宫远徵连忙蹲下身子,准备把脉,却被宫遥徵拒绝了。
宫遥徵摇了摇头:“我没事,把婢女唤来,扶我回房间。”
宫远徵一瞬间明白了,但算了算时间,怎么提前了?
宫尚角微怔了一瞬,后突然明白了是何种情况,耳尖微红。
婢女被唤来,却是束手无策,宫遥徵疼的站不起来,这次和平时不一样,不仅提前了,还比平时痛。
宫尚角一把将宫遥徵抱起,出了药房还不忘吩咐金复:“将月长老喊来。”
“是!”
为了宫门的血脉,月长老对此道颇有研究,一直致力于调理宫门之中女子的身体。
宫遥徵觉得下腹一阵暖流,羞愤难当,将头埋进宫尚角大氅的貂绒里。
到了房间,宫尚角将宫遥徵放到床上,婢女也跟了上来,将屋中的炉火点燃,然后有些为难的开口:“还请执刃大人先出去。”
宫尚角后知后觉的转身离开,站在门口,神色莫名。
他第一次感受到阿遥的脆弱,他将她抱在怀里,好像下一刻她就要融化了一般。
不一会,宫远徵端着药碗过来,看了一眼宫尚角,皱眉道:“哥,去换一身衣服吧。”
宫尚角顺着宫远徵的视线,自己的腰封处偏下,有一块晦涩的血迹。
“阿遥她,次次如此吗?”宫尚角想到刚刚阿遥面色苍白的样子,眼中满是心疼。
“这次不一样,我也不知道为什么,许是山谷中的毒瘴越来越严重了。”宫远徵眉头微蹙,姐姐的身体这些年经过他的调理,并不比谷外的女子差,今日这般,他只能归结于谷中的毒瘴。

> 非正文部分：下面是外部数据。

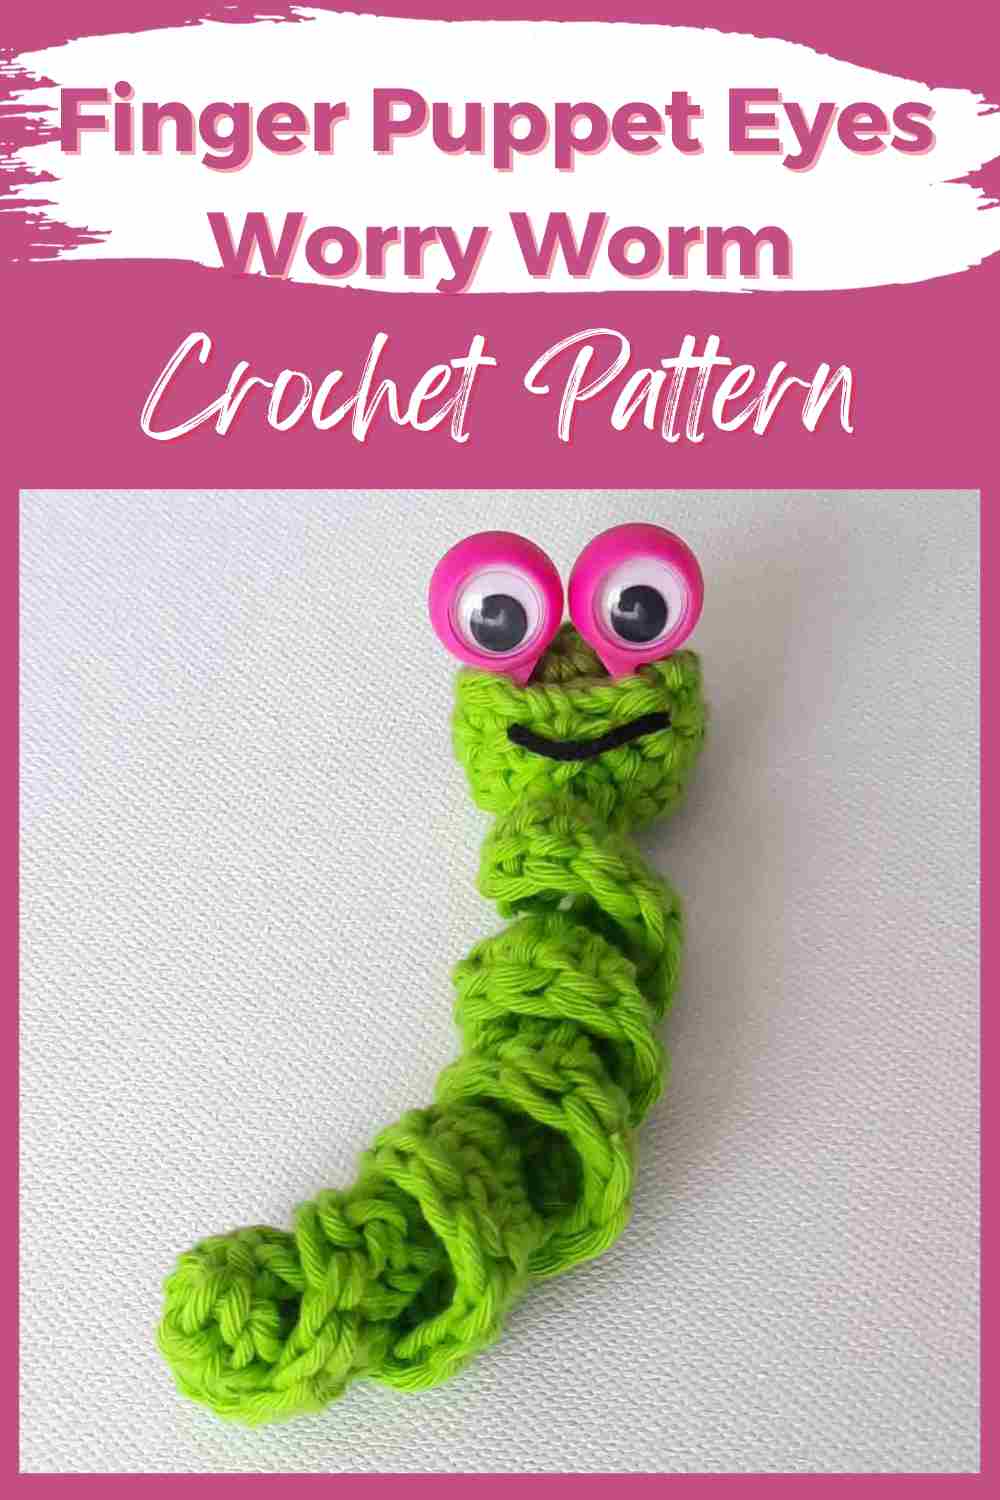 Finger puppet eyes worry worm pattern (7)
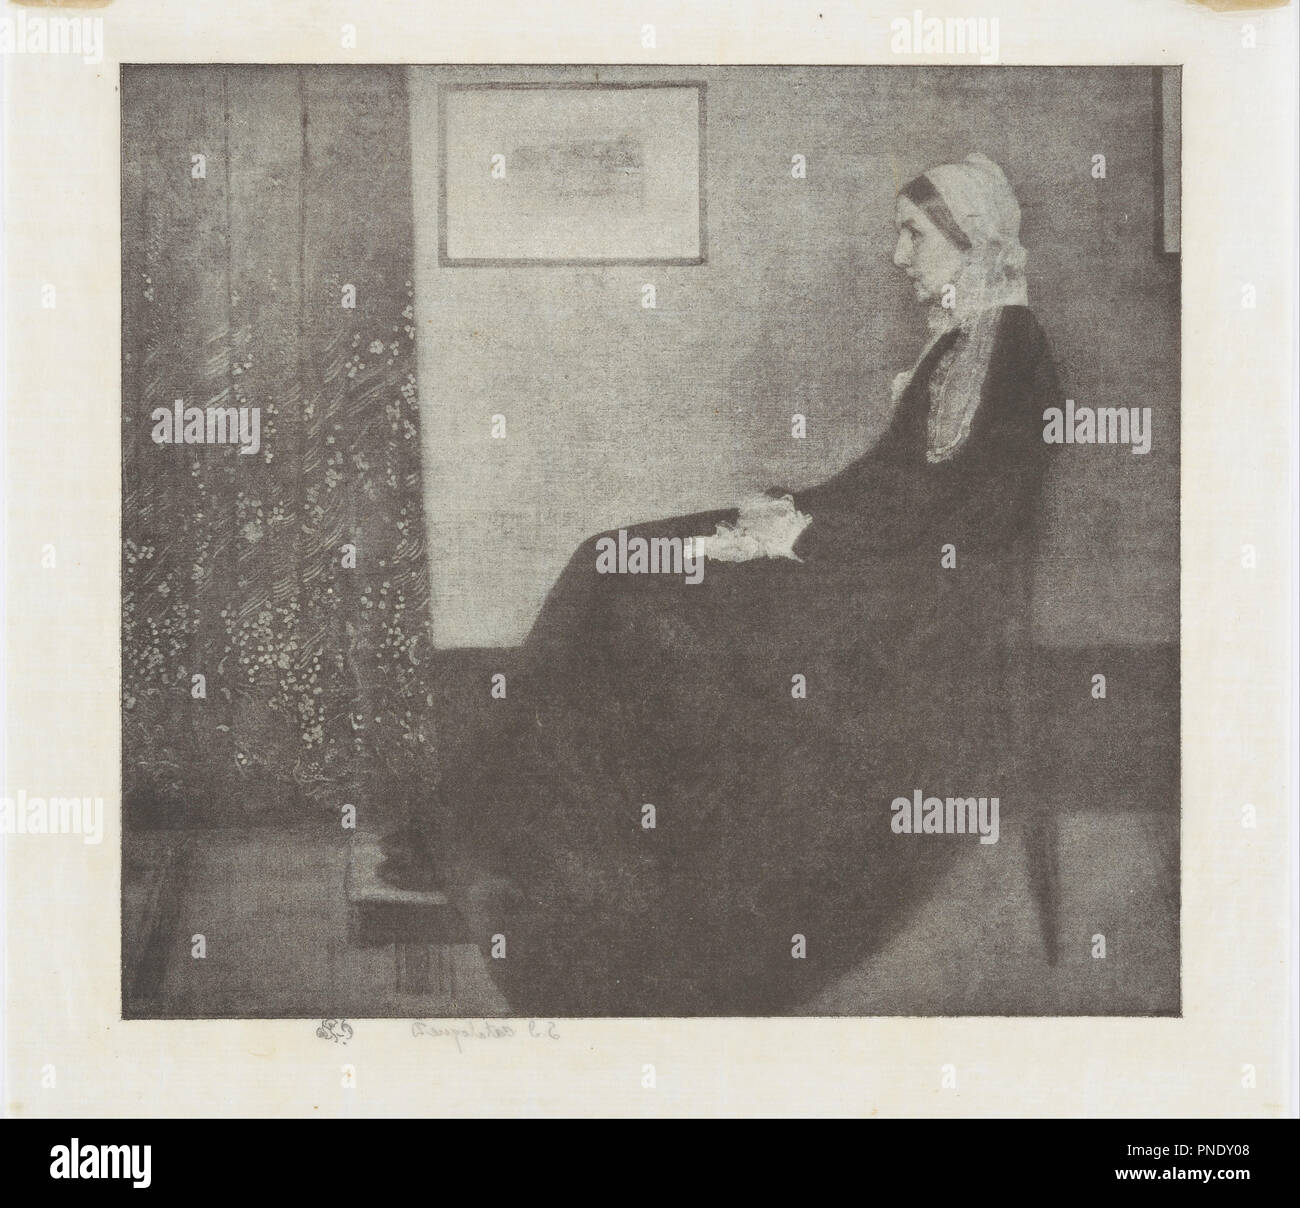 Photomechanical reproduction in halftone, after Whistler's portrait of his mother, 'Arrangement in Grey and Black No. I'. Date/Period: By 1893. Print. Halftone print on paper. Height: 155 mm (6.10 in); Width: 173 mm (6.81 in). Author: WHISTLER, JAMES ABBOTT MCNEILL. Stock Photo

宫远徵见婢女开门出来了,端着药便进去:“姐,把药喝了。”
“我觉得我现在已经好了,能不能不喝?”
“不能!”
……
宫尚角听着里面的对话,看了看衣服上的那块血渍,离开了…
月宫
月公子拦住了来找月长老的金复:“金侍卫,月长老有事,不让人打扰,还请留步。”
“奉执刃命令,传唤月长老!”金复行礼道。
“稍等!”月公子进了密室。
半晌,月公子出来,声音温和:“月长老说,请执刃见谅,若无急事,我可以代劳。”
金复看了看月公子,纠结了一会:“那便请月公子跟我走一趟吧!”
“好!”
徵宫的客房,宫尚角换了一件衣服,刚走到正殿门口,便看到金复带着月公子过来了:“我不是让你请月长老吗?你把他带来做什么?”
月公子行礼:“见过执刃大人,月长老研究新药在关键时刻,无法脱身,还请执刃见谅。”
“你回去吧!”宫尚角不觉得月公子的医术会比远徵好。
“哥,姐姐让他进来。”宫远徵的声音从走廊处传来。
宫尚角上下打量了一眼月公子,见他双手交叠,一副随时待命的模样:“去给二小姐看看吧。”
宫遥徵隐约听到月公子的声音,便让远徵出去看看,没想到真的是他。
月公子隔着屏风行礼:“见过二小姐。”
宫遥徵刚刚吃了药,嘴里发苦,不耐的皱了皱眉头:“月公子免礼,最近可好。”
“自然很好,不过二小姐看起来好似不太好。”月公子隔着屏风都能感受到宫遥徵的虚弱。
“医者不自医,远徵的毒术出众,医术于你而言还稍显逊色,帮我看看吧!”宫遥徵伸出了手腕。
月公子看了一眼门外的执刃,执刃点头示意之后,他这才越过屏风上前把脉。
半响
“二小姐近日…有心事?心思郁结,气虚,阴虚,二小姐平日里几时安睡?是否有失眠多梦之状?”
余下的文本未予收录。